▶ WORK INSTRUCTIONS: Transcribe every line of the material below exactly, leaving out the pictures.

▶ SOURCE MATERIAL:
"""

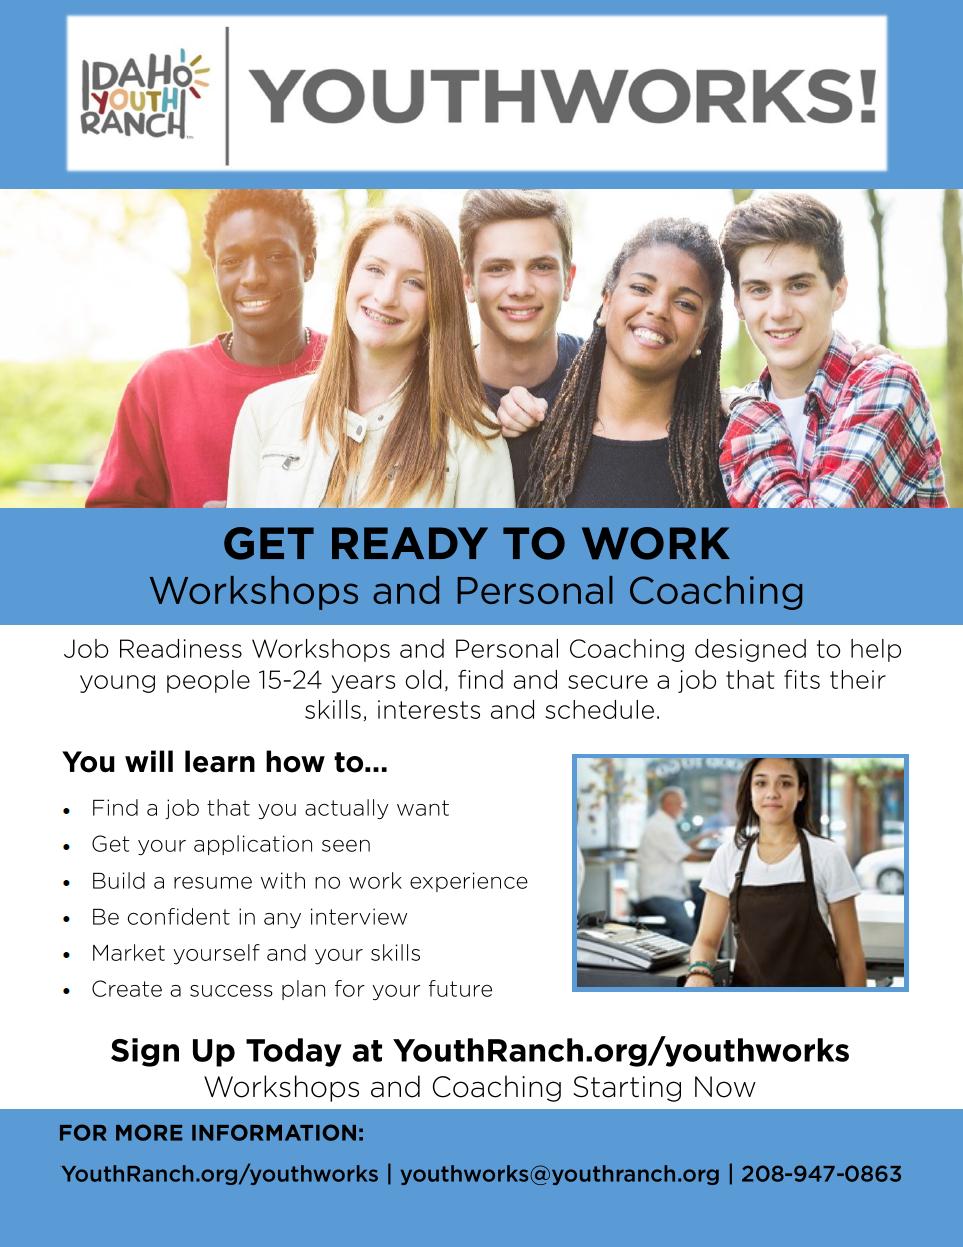 youthworks flyer
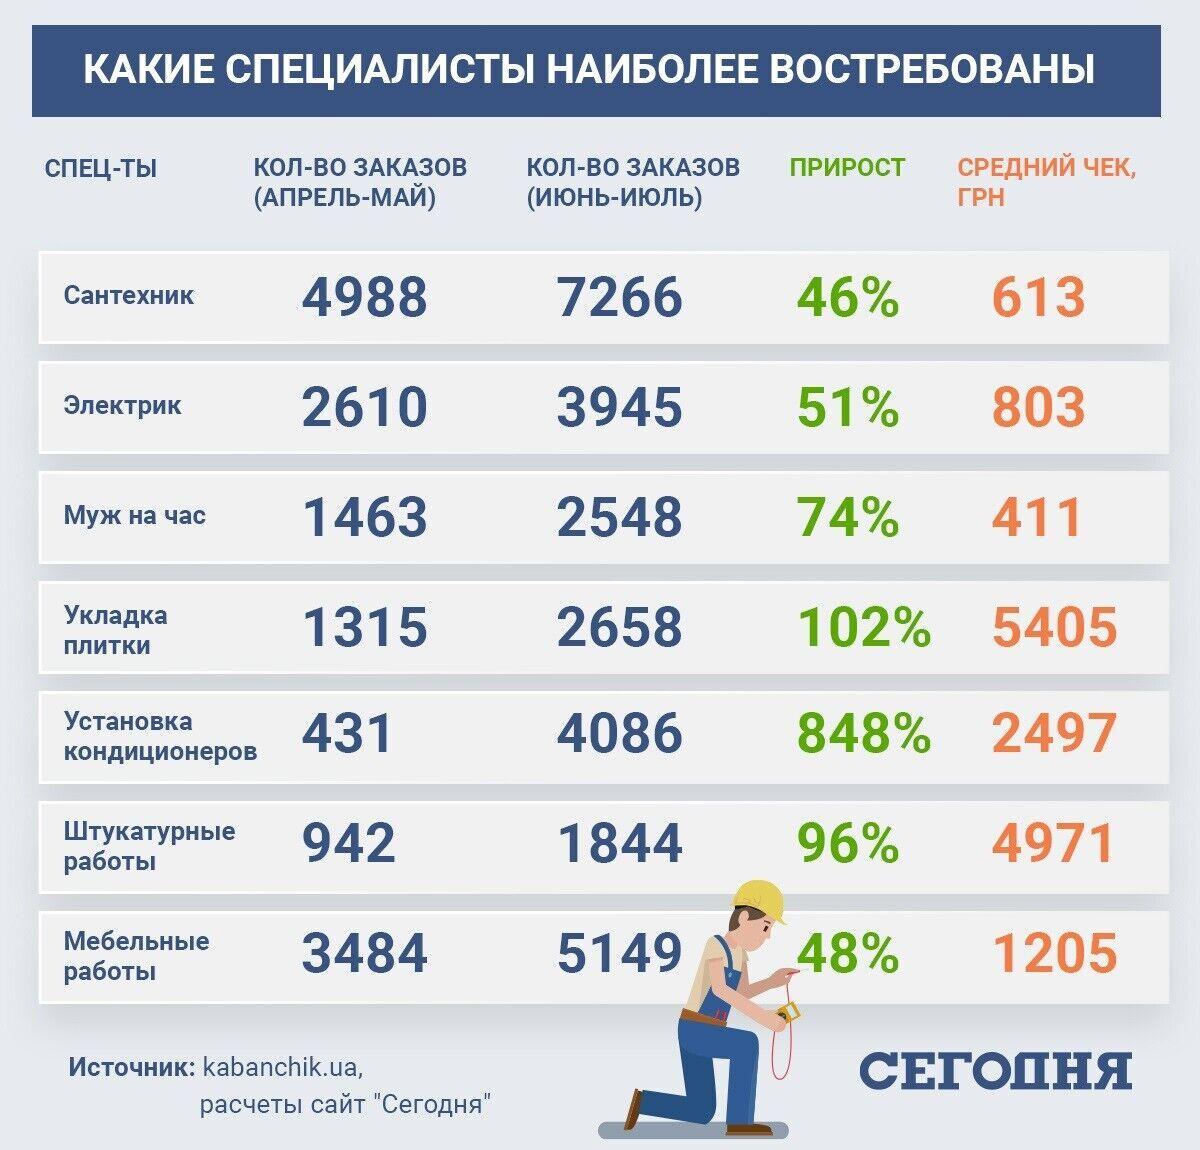 На какие услуги возрос спрос в Украине во время карантина
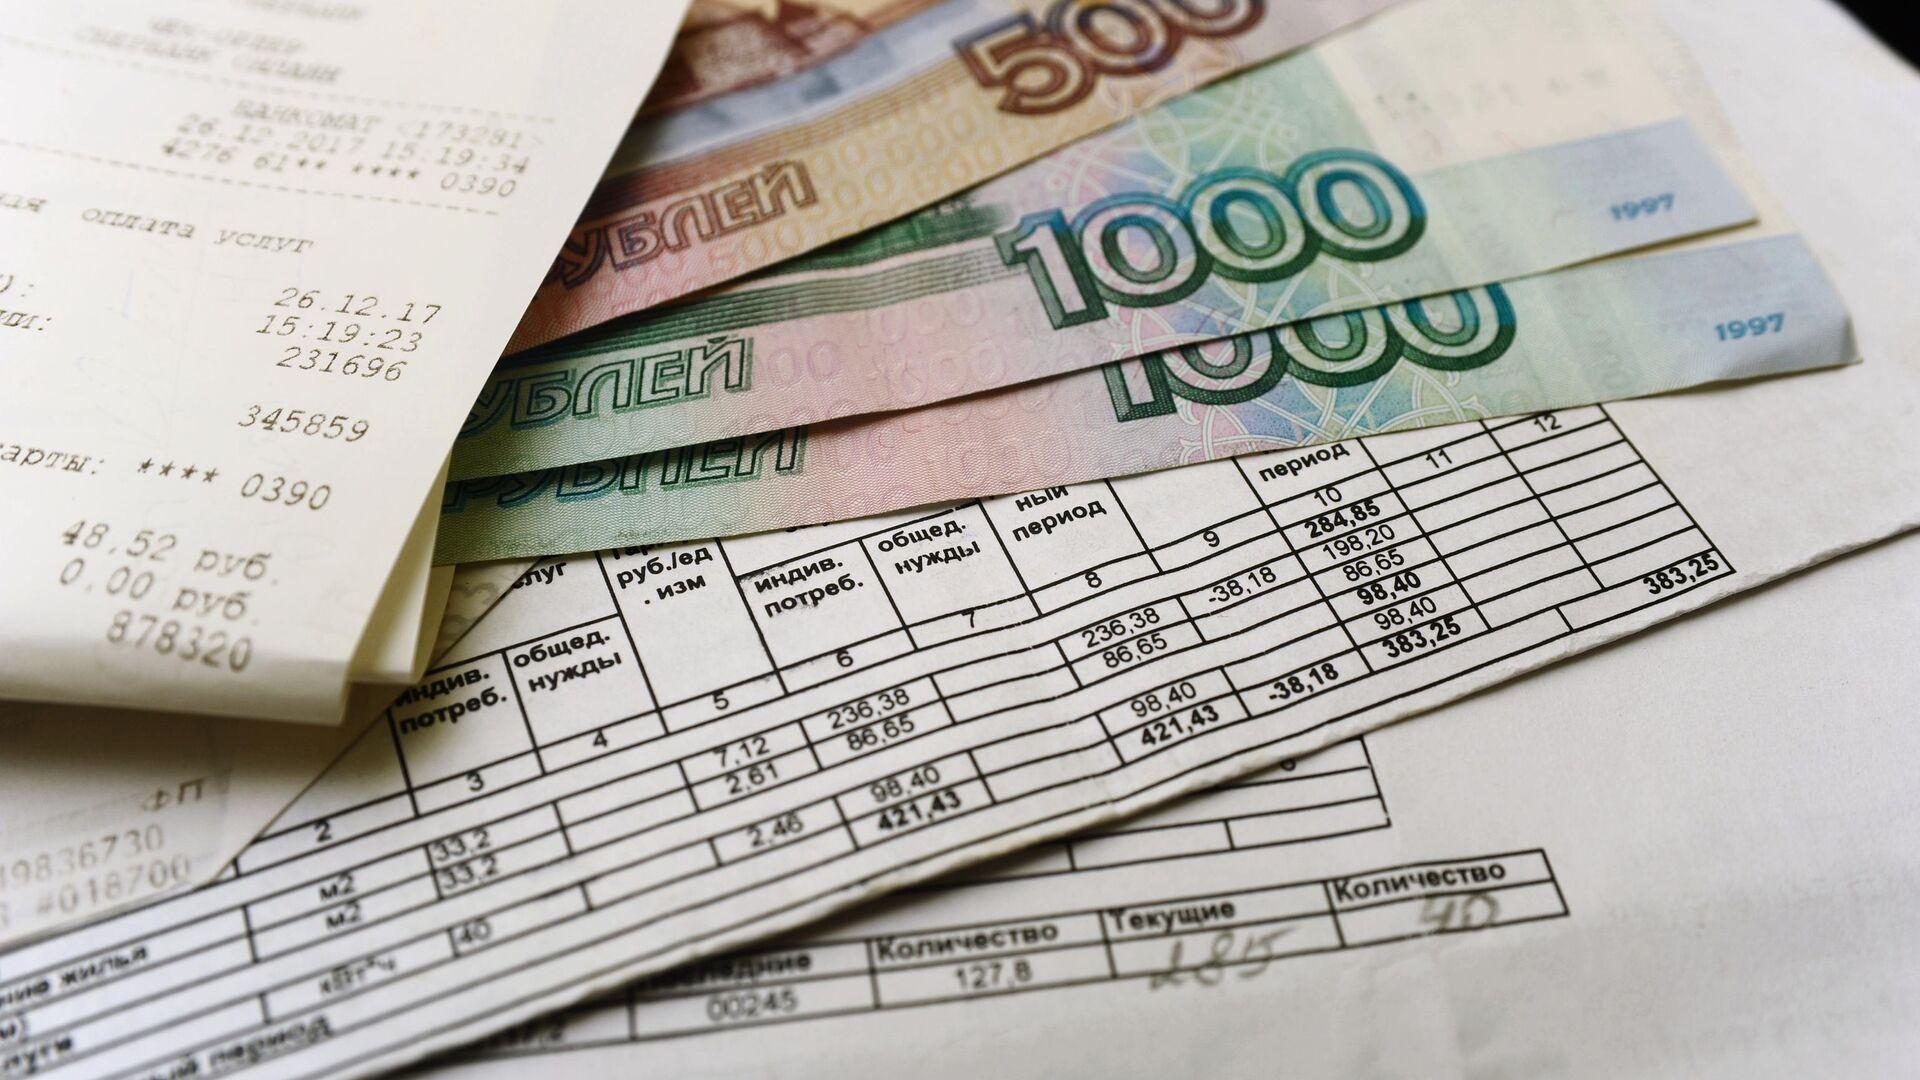 Платежные квитанции за услуги ЖКХ - РИА Новости, 1920, 03.12.2020
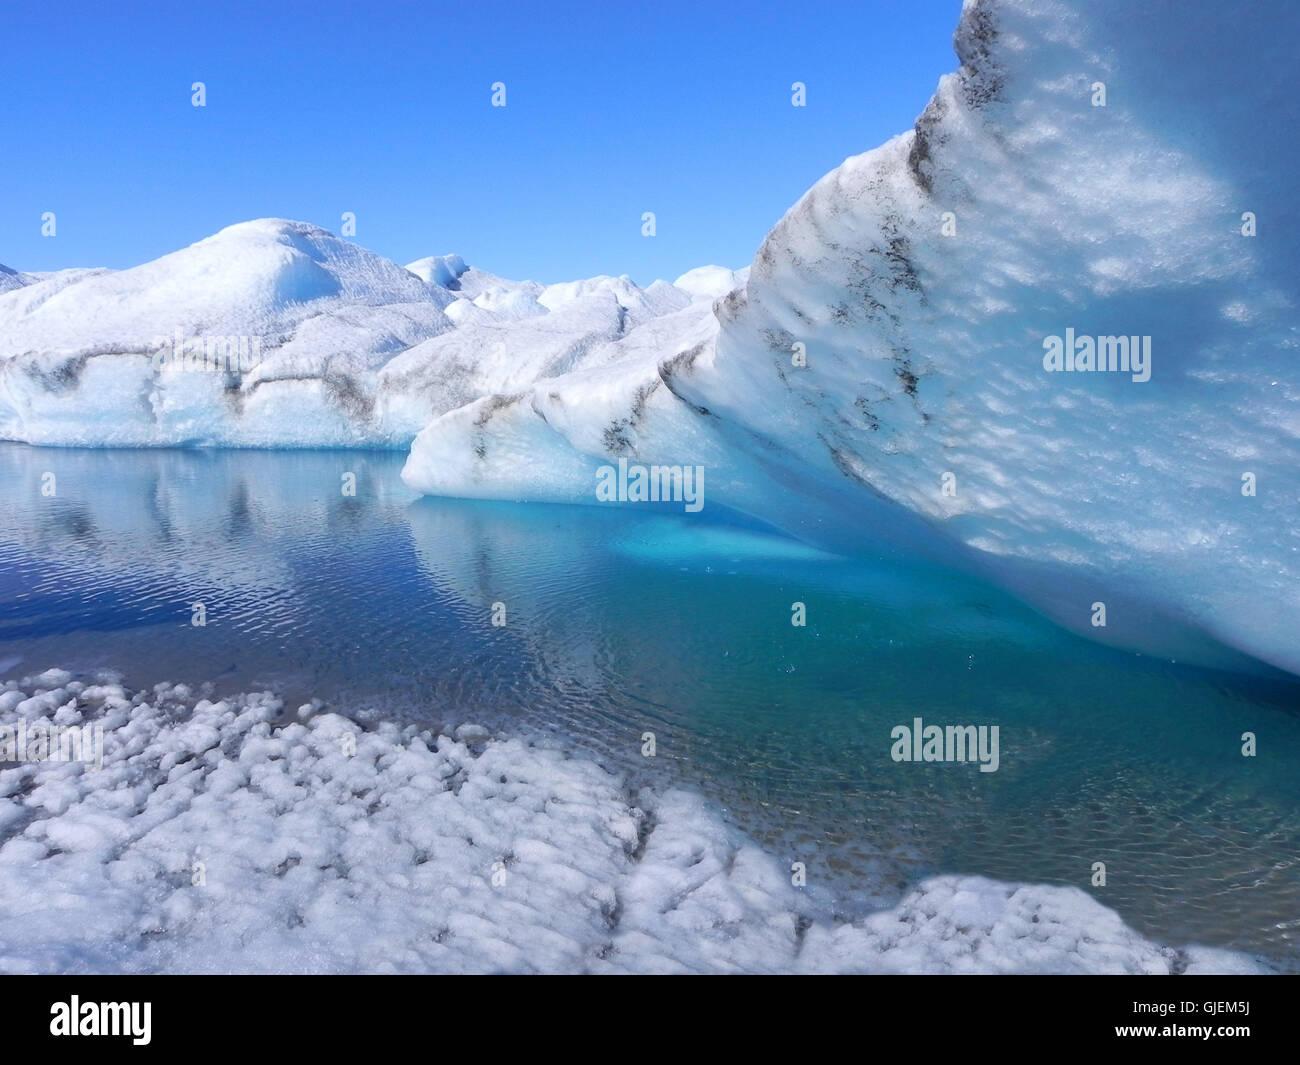 La fonte des glaces au Groenland - La caverne de glace avec de l'eau bleue Photo Stock

"""

▶ RESPONSE TO THIS EXERCISE:
 youthworks flyer
 На какие услуги возрос спрос в Украине во время карантина
 Платежные квитанции за услуги ЖКХ - РИА Новости, 1920, 03.12.2020
 La fonte des glaces au Groenland - La caverne de glace avec de l'eau bleue Photo Stock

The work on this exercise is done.